Self-constructed, Build-a-Bear, Buffet-Style Christianity Is No Christianity at All


John Stonestreet

Shane Morris

In a pair of tweets that recently made rounds on social media, a young progressive woman issued her doctrinal creed: “I am a Christian and I believe proselytizing is violence…I am a Christian and I believe LGBTQ+ ppl are divine and should lead us…I am a Christian and I don’t go to church. I am a Christian and I don’t believe the Bible is the word of God.”

While one wonders why someone who already rejects church, evangelism, Christian morality, and Scripture would still want to keep the title Christian, this tweeter is merely a more extreme example of a very common approach to faith, including Christianity.

To be clear, this kind of self-constructed, Build-A-Bear, buffet-style belief acquisition works fine for some worldviews, especially the Westernized, New-Agey offsprings of Eastern pantheisms (pan=all and theos=god, so literally those religions that believe everything is god and god is everything).

“Christianity,” however, as a revealed worldview, has an objective definition. Christianity centers ultimate reality and, therefore, ultimate authority, outside (not within) the created order, locates it in a Divine Personal Being who has made Himself known through what He has made, through Holy Scripture, and ultimately made known Himself through Christ Jesus.

One might doubt that there is a God who has revealed Himself or that God has revealed Himself in these ways, and therefore reject Christianity. But because Christianity is a worldview that comes already carefully defined, it’s not open to mass-scale revisions.

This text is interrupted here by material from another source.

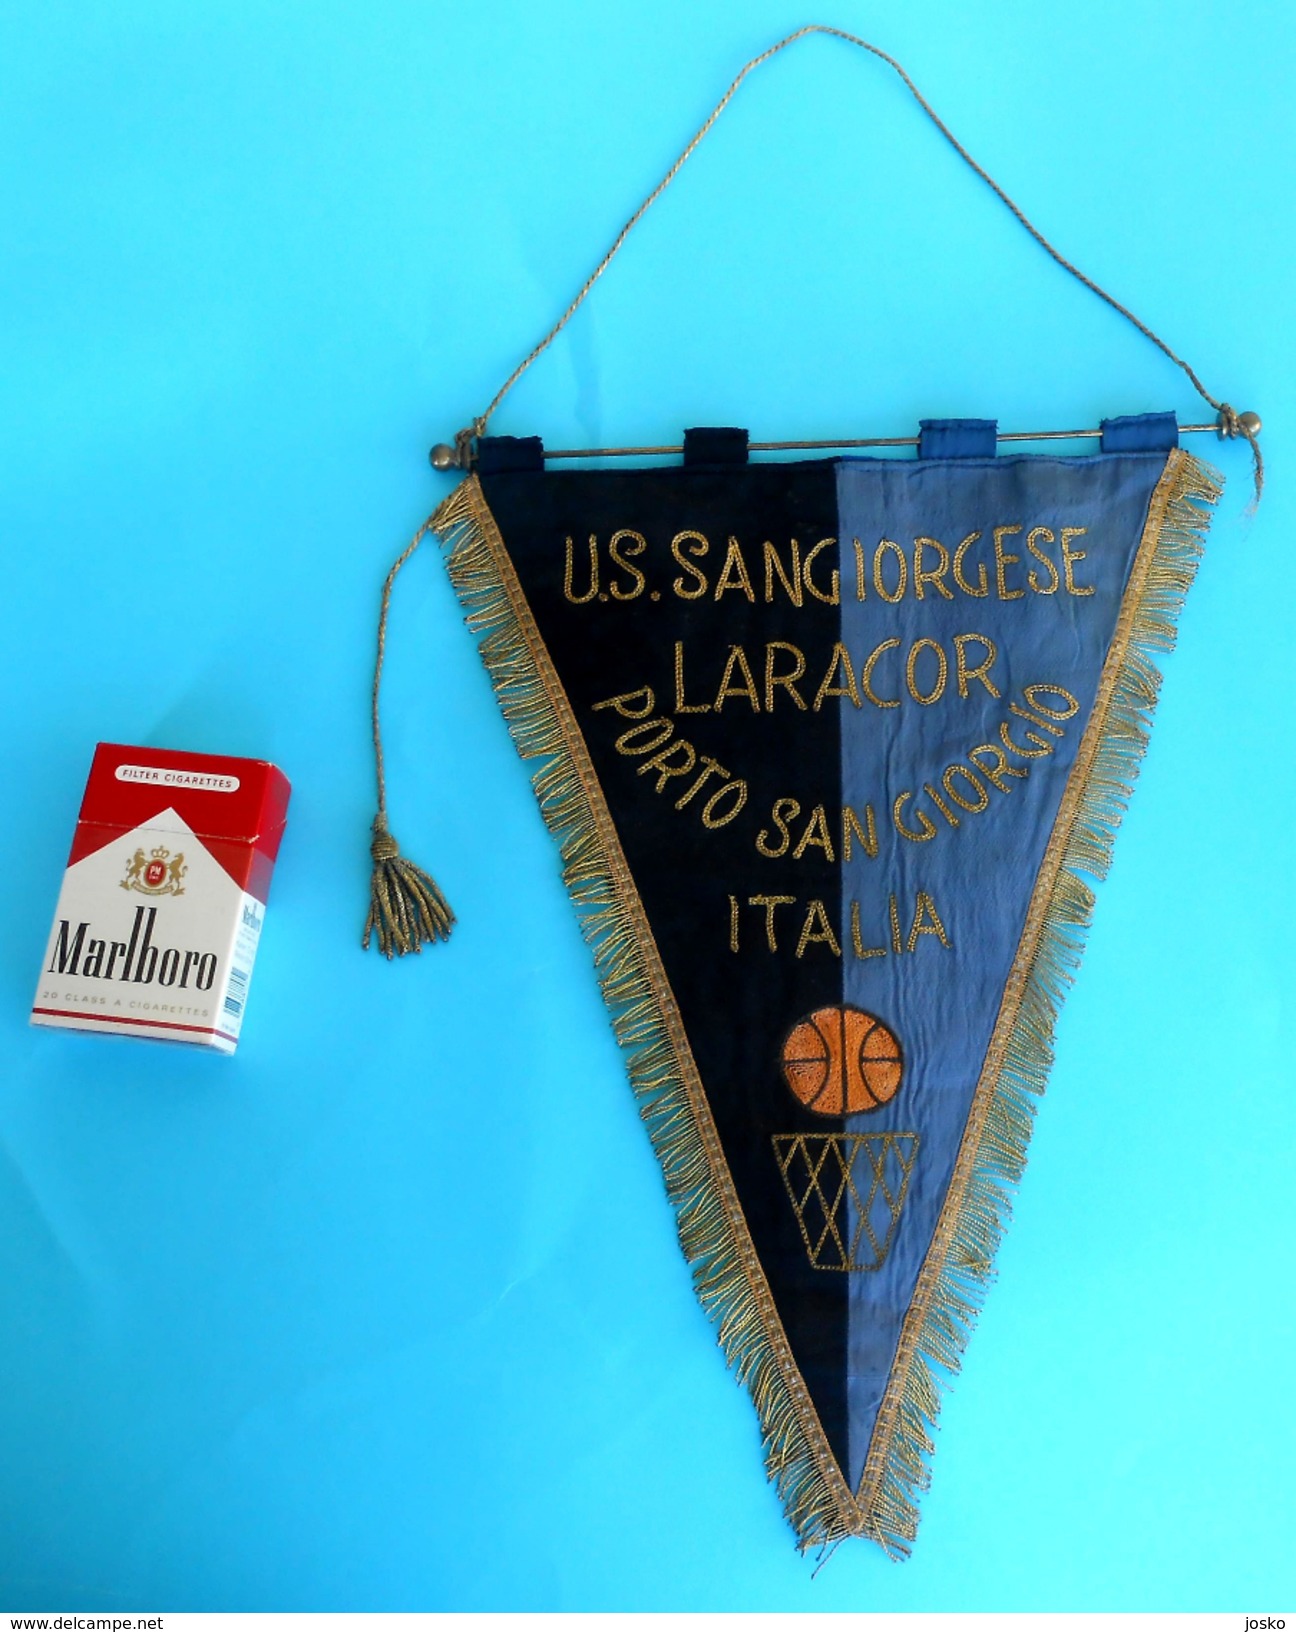 US SANGIORGESE PORTO SAN GIORGIO Marche - Italy Basketball Vintage Pennant Fanion Flag Bandierina Pallacanestro Italia - Abbigliamento, Souvenirs & Varie
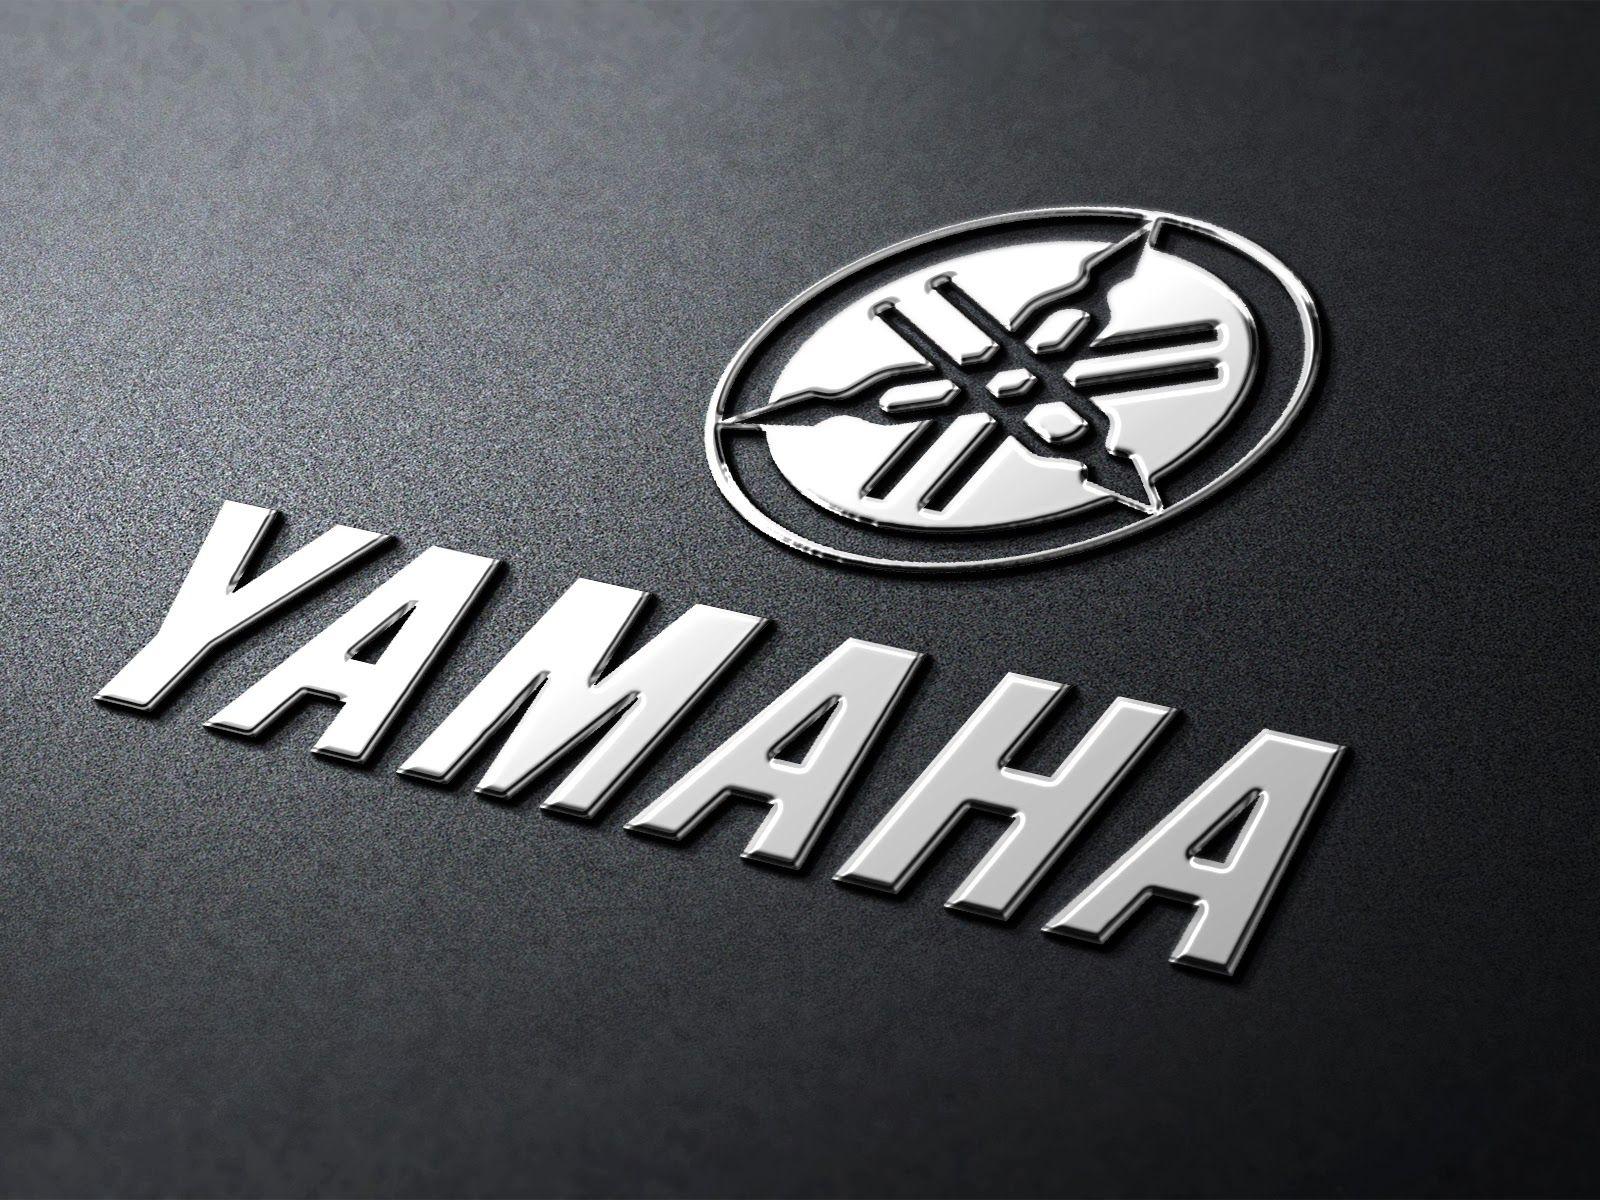 Yamaha Logo Wallpapers

Last month, Arizona Christian University released a study called “The American Worldview Inventory, it’s a project led by George Barna. According to the report, nearly two-thirds of Americans believe having “some kind of faith” is more important than the specific faith a person chooses. And, almost 70 percent of those who gave that response identified as Christians.

The same survey found that a slight majority of self-identified Christians think a person can attain salvation by “being or doing good,” a belief contrary to the New Testament’s claim that salvation comes “by grace…through faith,” and “not by works…”

The results of another survey, jointly sponsored by LifeWay Research and Ligonier Ministries found that over half of Americans and nearly a third of evangelicals agree with the statement that Jesus was a “good teacher, but he was not God.” And yet another recent survey, conducted by the Barna Group with World Vision, found that nearly half of young adults globally say that the church can’t answer their questions or spiritual doubts.

The sample size of the Barna study, over 15 thousand respondents from 25 countries and nine languages, suggests that theological literacy and worldview clarity are not just American deficiencies. Christian identity is at risk on a global scale, including what the word “Christian” even means, and whether Christian truth claims are distinct, knowable, and reliable.

Confronting this widespread confusion requires at least two things. First, following Ryan Anderson’s example of bringing clarity to the debate over same-sex “marriage” (“Sorry, marriage is a thing, and same-sex relationships just aren’t marriage”), we must be willing to definitively say when necessary, “Sorry, Christianity is defined, and that’s just not Christianity.”

Second, and more importantly, we need to abandon the self-constructed, Build-A-Bear, buffet approach to religion that is so pervasive in our own hearts and our own churches. A great place to start in clarifying “the faith that was delivered once for all to the saints,” as Jude says is, of course Holy Scripture. For a trusted guide, check out what may be Chuck Colson’s most important book, The Faith: Given Once for All.

Also, our outreach and church growth strategies must conform to what Scripture reveals. Too often, perhaps to make Jesus more palatable to nonbelievers, we elevate personal preference and give the impression that much of the faith is negotiable. That strategy inevitably ends with the Church, the Bible, morality, and even Jesus Himself becoming negotiable.

And to close, let me say this: We shouldn’t worry whether what the author of Hebrews calls “the first principles of God’s Word,” can survive the scrutiny, doubt, and disdain of the modern world. Christian truth will most certainly survive. It’s survived until now, and it will survive, because, after all, it’s True.